It would be useful to post sample mCDF, not just posting hidden software within a PDF that only runs with new versions of a proprietary app.

 

JD: The CDF Prototype does not require any version of Acrobat greater than X and should work with DC as well. Code examples will be provided in the mCDF GitHub repository soon.

 

Attached is a sample mCDF I created (arbitrary choices). Since the example PDF did not handle RCV, I guessed at the format and manually entered it. There is a converted JSON and the perl script I used to read the mCDF.

 

JD: There is a version that does handle RCV, available here.

 

My quickie program omits some features like handling escape characters in the mCDF and encoding \ and " in JSON strings. Also mCDF split into multiple files (for QR encoding).

 

Also, I now realize Code is a repeatable ExternalIdentifier, but I only emit as a string (by default). I added options to allow a string array and an option for full ExternalIdentifiers.

 

I attached a separate file mcdfrc.json that has Code emitted as an array and also with full indent (other than code array). Probably, only the mcdfrx.json is (sort-of) compliant with the spec.

 

Attached files:

  - mcdf.txt (generated using the mCDFPrototype.pdf)

  - mcdfr.txt (manually extended with the RCV contest)

  - mcdfr.json (mcdfr.txt converted to simplified json)

  - mcdfrc.json (mcdfr.txt in indented JSON with repeatable codes)

  - mcdfrx.json (mcdfr.txt with Code as ExternalIdentifier array)

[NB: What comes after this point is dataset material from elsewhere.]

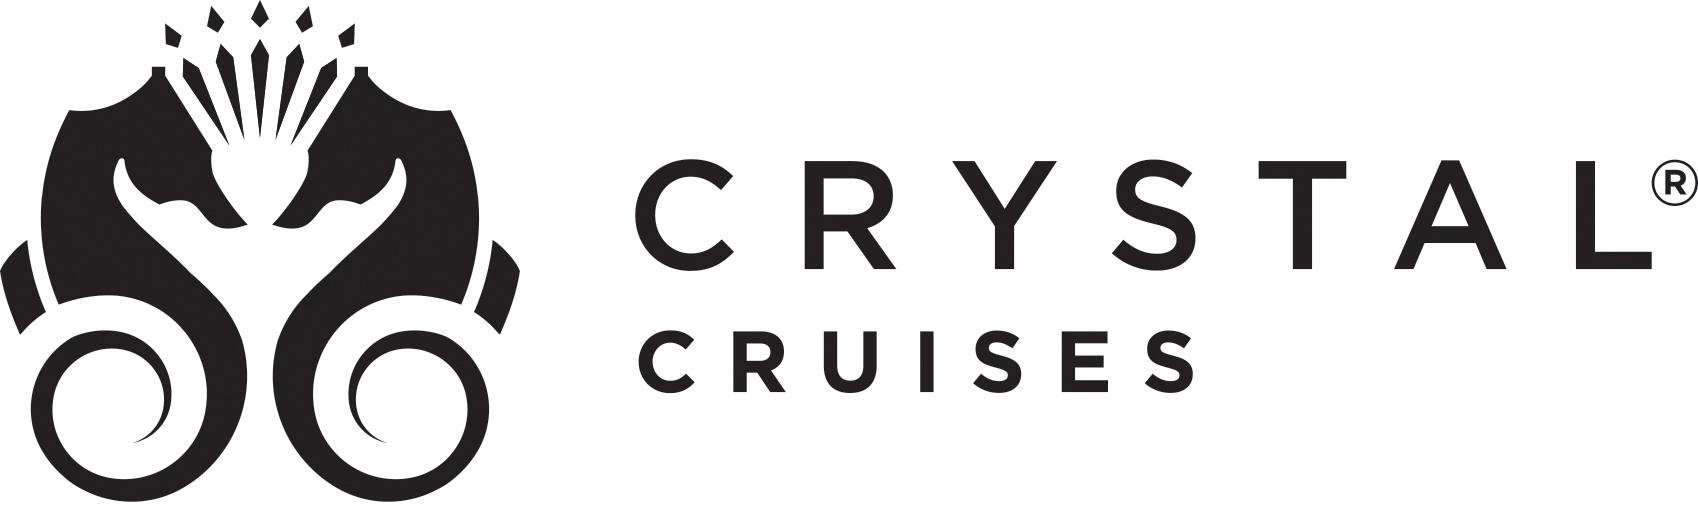 Crystal_Cruises_2016_ Logo_(Horizontal).jpg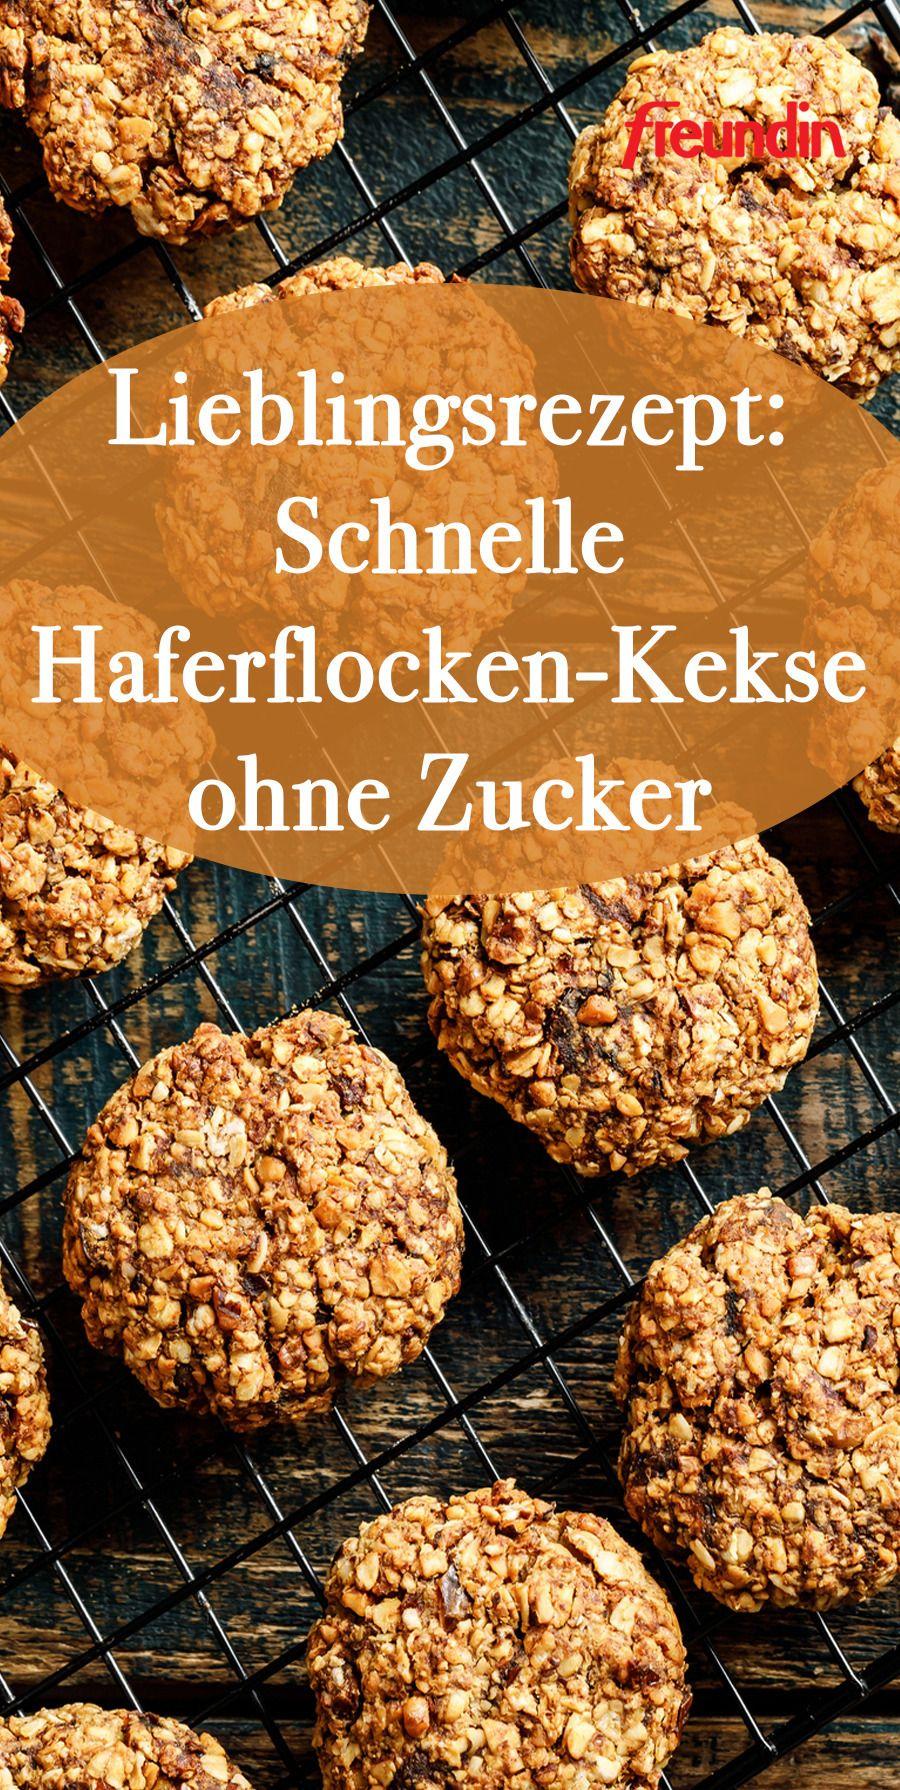 Lieblingsrezept: Schnelle Haferflocken-Kekse ohne Zucker | freundin.de

  - parsemcdf.pl - Script to process mCDF

 

> However, the mapping of the mCDF CSC message to the CVR UML Model is

> given in Appendix D of the draft mCDF format (refer to the CDF mapping

> columns). I am reattaching the draft here.

 

Note: In my program I assumed the crossed out items are deleted, e.g.

there is no CVR::CVRContestSelection::OptionPosition. Thus my RCV addition doesn't match the example in the .docx (with extra ^).

 

> The UML can then map forward to JSON using the CVR CDF JSON schema

> <https://github.com/usnistgov/CastVoteRecords>.

 

The JSON schema on git is for the wrong version of the CVR CDF. It took a while for me to figure this out. DO NOT USE IT!

 

It might be useful to make a separate json schema for the mCDF.

 

----

 

Here are some comments I have while decoding the mCDF:

 

Since there is no json schema, I had to sort of invent some names that didn't match.

 

JD: There are no plans to create a separate JSON Schema for the mCDF Profile. The purpose of the mCDF Profiles is to map a fragment of content to a larger CDF instance. So a mCDF CSC message is expected to be map to and become part of a larger CVR instance (as currently defined in SP 1500-103). I will work on some documentation to further clarify this.

 

The Codes is repeatable, meaning it's an array in JSON. But this makes no sense to me within an mCDF that is tied to a ballot definition-- it should be 1..1, the Code matches the corresponding ID assigned in the ballot definition CDF (referenced via URI) for an election, contest, selection, etc. I added a -c option to emit an array.

 

JD: The codes are meant to be flexible in case systems at different levels need to interoperate, i.e. there could be a local level and state level coding scheme. I do not think this will be used in most cases in the mCDF, but since we’re mapping existing constructs of the CDFs, we must honor their structure.

 

The use of repeatable ExternalIndentifier objects seems excessively verbose. The attached mcdfx.json shows this (even worse with standard indent).

 

I did not add an option to emit {"Value":"1GO",""Type":"local"} in lieu of "1GO". I suggest not to use repeatable external identifiers in mCDF.

 

The ElectionScope is really the Code (ExternalIndentifier) of a GpUnit, not a  GpUnit, since in the CVR::GpUnit has a Code that matches an ID in the definition (e.g. ElectionScopeID. The ElectionScope is a BallotDefinition.ReportingUnit, that has the GpUnit::Code (ExternalIdentifier), which I presume is the intent in the ELE. The heading 4.13.1 has subcomponents of Code, but applies to the CVR::Election::ElectionScope field 1 not Code field 2.

 

In all the mCDF examples, a single Code string is supplied with implied type "local" (where local is meaningless).

 

It would be better to identify which ID the Code matches rather than using some ambiguous coding of external identifiers.

 

A persistent ID (across files and across versions within some collection of election admin data) is not precisely defined in most all CDF. It seems that the JSON schema has a reserved "@id" and xml has the "id"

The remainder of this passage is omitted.